As it is, Elton said, the Legislature can use all of the earnings of the $28 billion fund if it wants to. Elton would include a statutory cap on state use of the earnings at 20 percent, which would be about $400 million. He said that percentage would only be available after dividends and inflation proofing were taken care of.
A second part of Elton's plan is to largely duplicate an initiative that may pop up on the 2002 ballot. That measure would raise alcohol taxes about 25 cents per drink. Elton's bill would bring in another $82 million, of which nearly $33 million would be shared with Alaska municipal governments.
The third piece of Elton's plan would raise $70 million to $160 million - depending on the price of oil - by raising taxes on large oil and gas companies and eliminating taxes on the first $10,000 earned by Alaska corporations.
The oil companies, under the measure, would go back to paying taxes based on a system that Alaska used before 1981, and which other oil producing state continue to use, he said.
``Oil companies are paying two-thirds of what other Alaska corporations in the state pay,'' Elton said. Rather than a close to 9.4 percent corporate tax, he said, big oil is paying closer to 6 percent. The difference has cost the state nearly $4.6 billion in lost revenue since 1981, he said.

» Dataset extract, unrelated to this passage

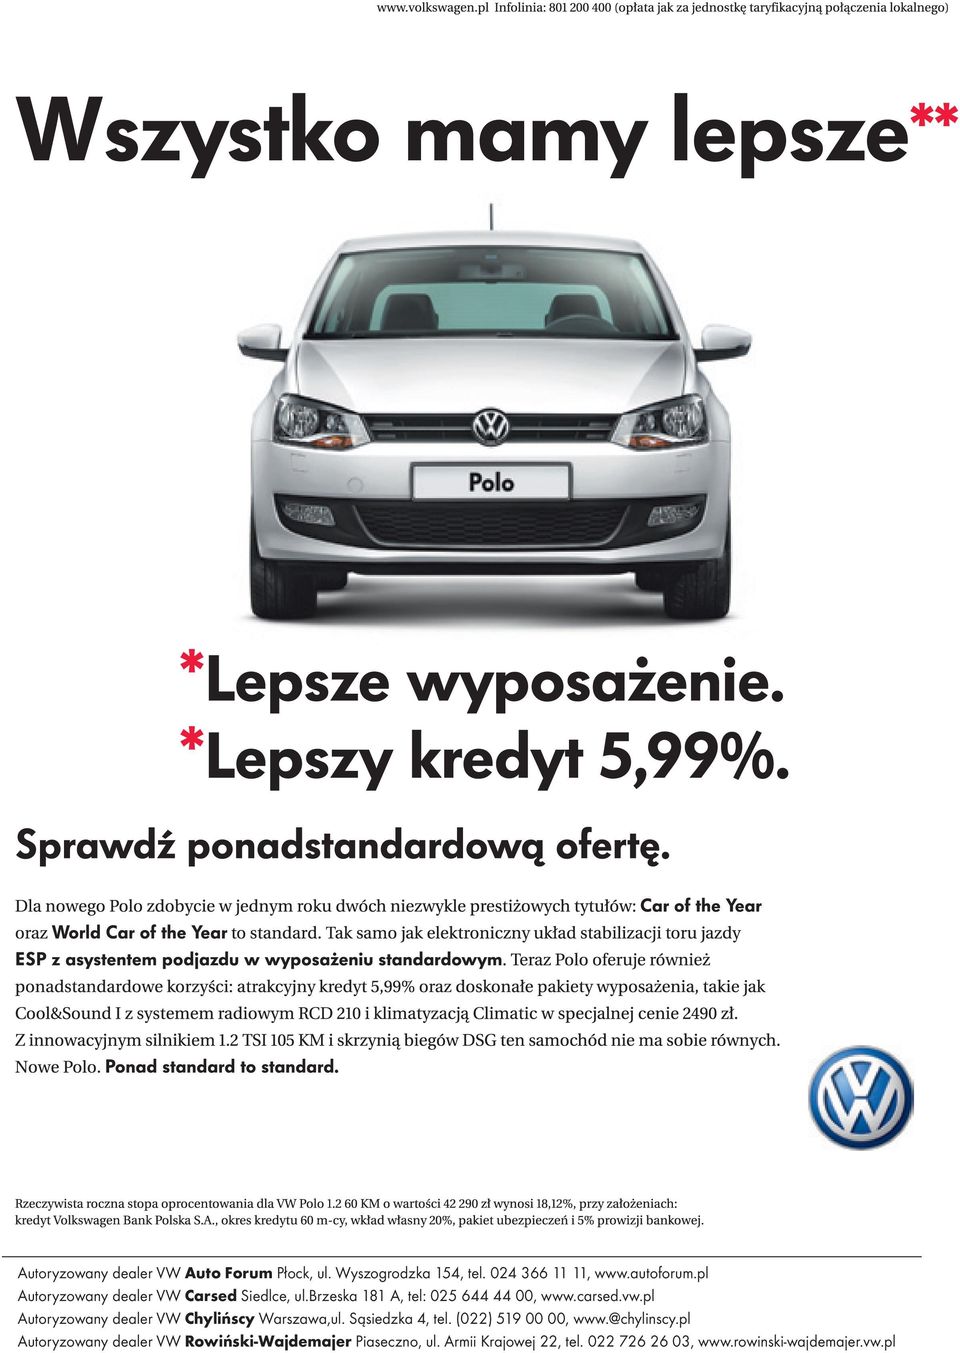 pl Autoryzowany dealer VW Chylińscy Warszawa,ul. Sąsiedzka 4, tel. (022) 519 00 00, www.@chylinscy.
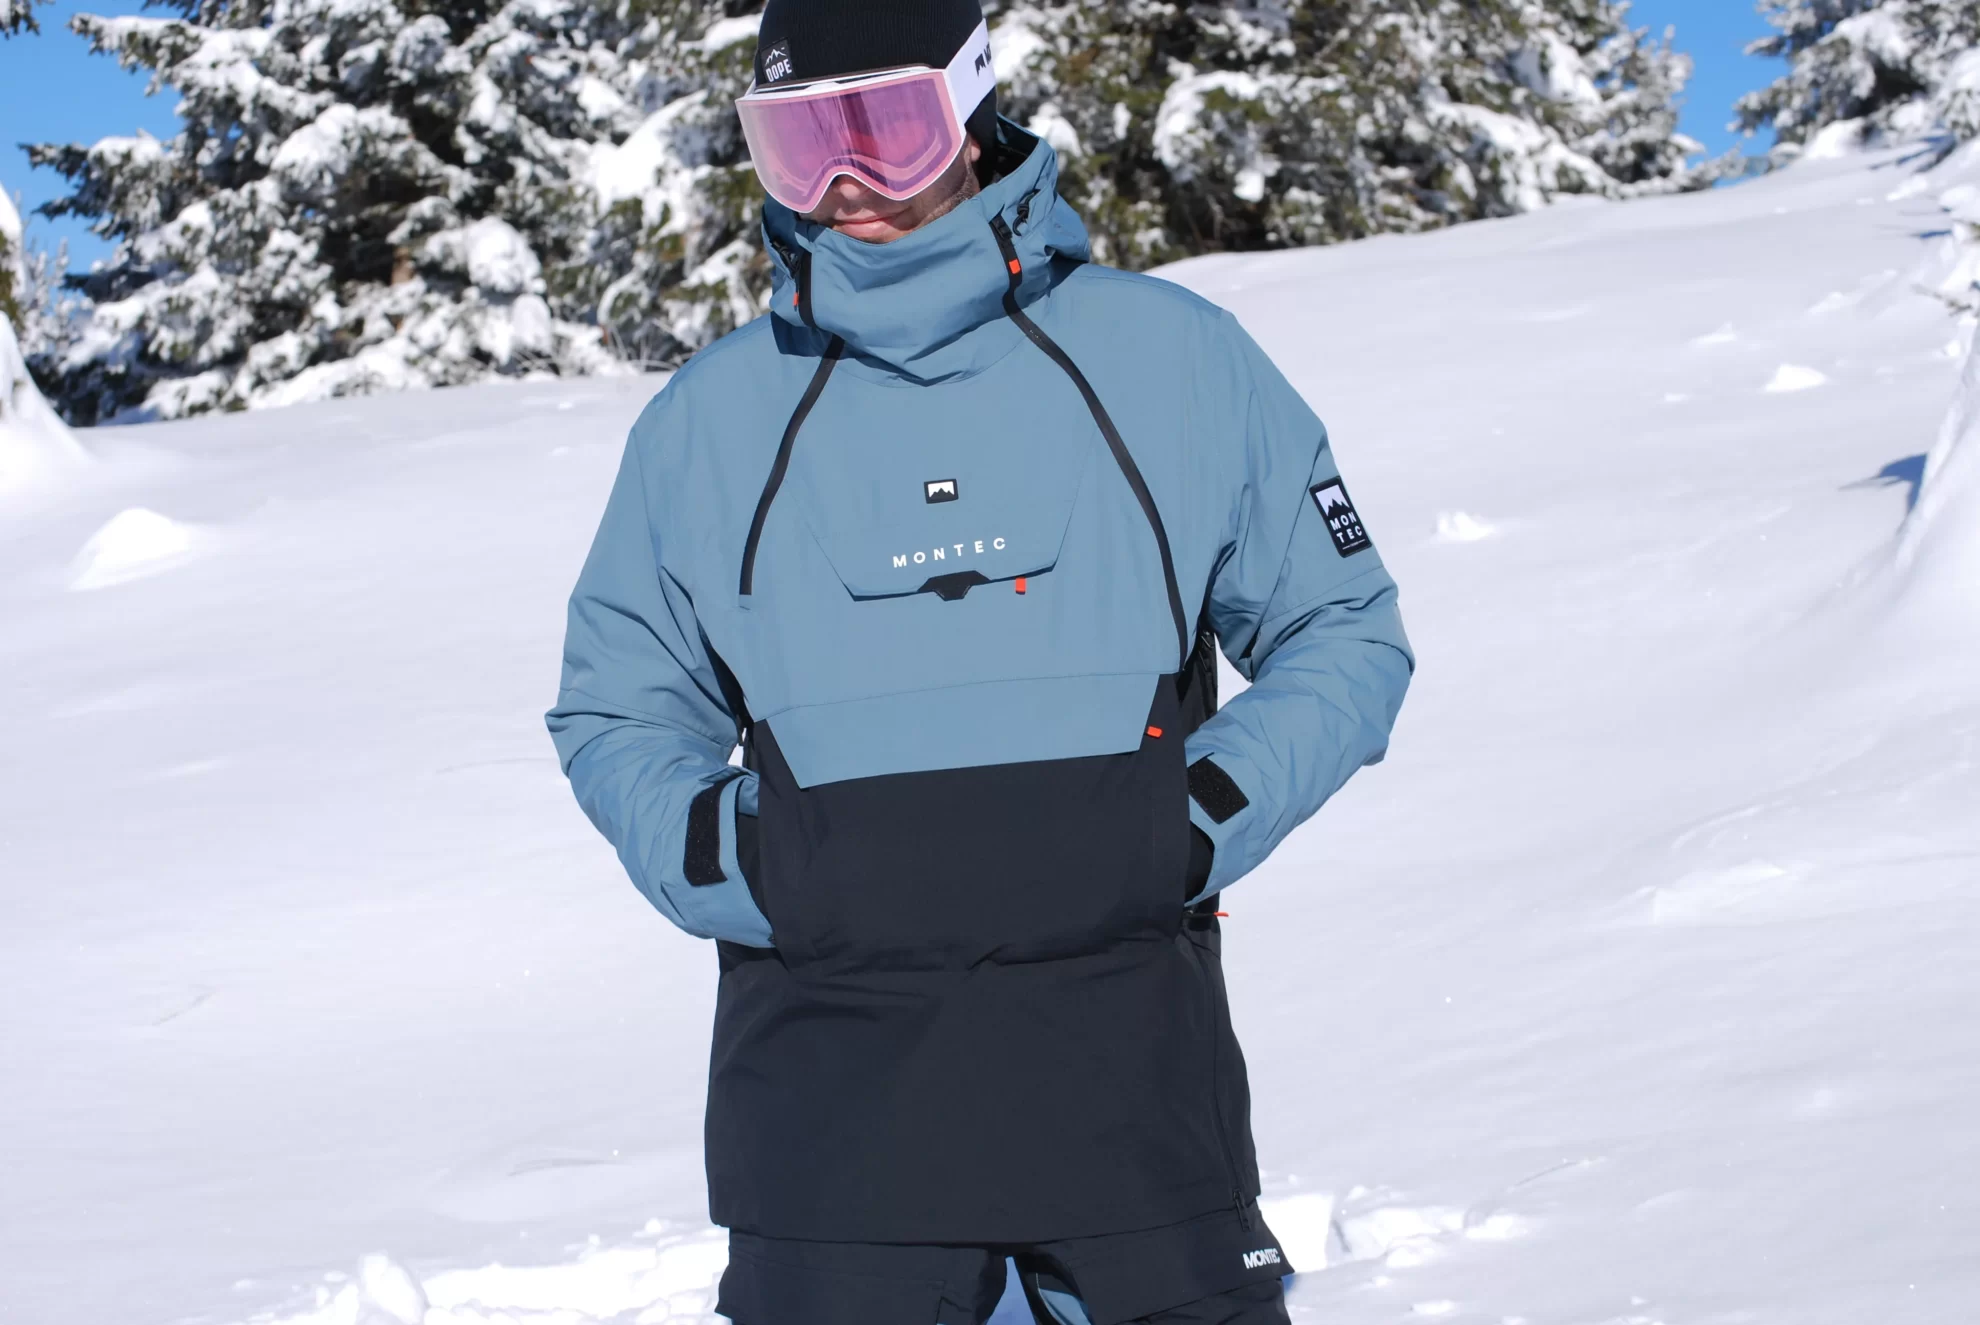 Skieur regardant devant lui avec la veste de ski et les mains dans les poches.

The corporate tax measure, dubbed the Corporate Income Tax Reform Act of 2000, was introduced by Elton and Rep. Eric Croft, an Anchorage Democrat.
Croft said he sent a copy of the measure to BP Amoco Exploration two months ago. He hasn't heard back but presumes the company will fight the tax just like it did in the 1970s. ``Back then, they didn't want to pay more,'' he said.
``It should be simple . . . Corporate income has gone up, why not corporate income tax?'' Croft said.
Sen. Jerry Mackie, a Craig Republican, introduced a fiscal plan earlier this week that's caused quite a stir. Under his legislation, which would require two-thirds legislative approval and a vote by Alaskans, each Alaskan would receive one last dividend in 2001 - of $25,000. Then, the fund's remaining $12 billion to $14 billion would be used exclusively as an investment account to help pay for state government.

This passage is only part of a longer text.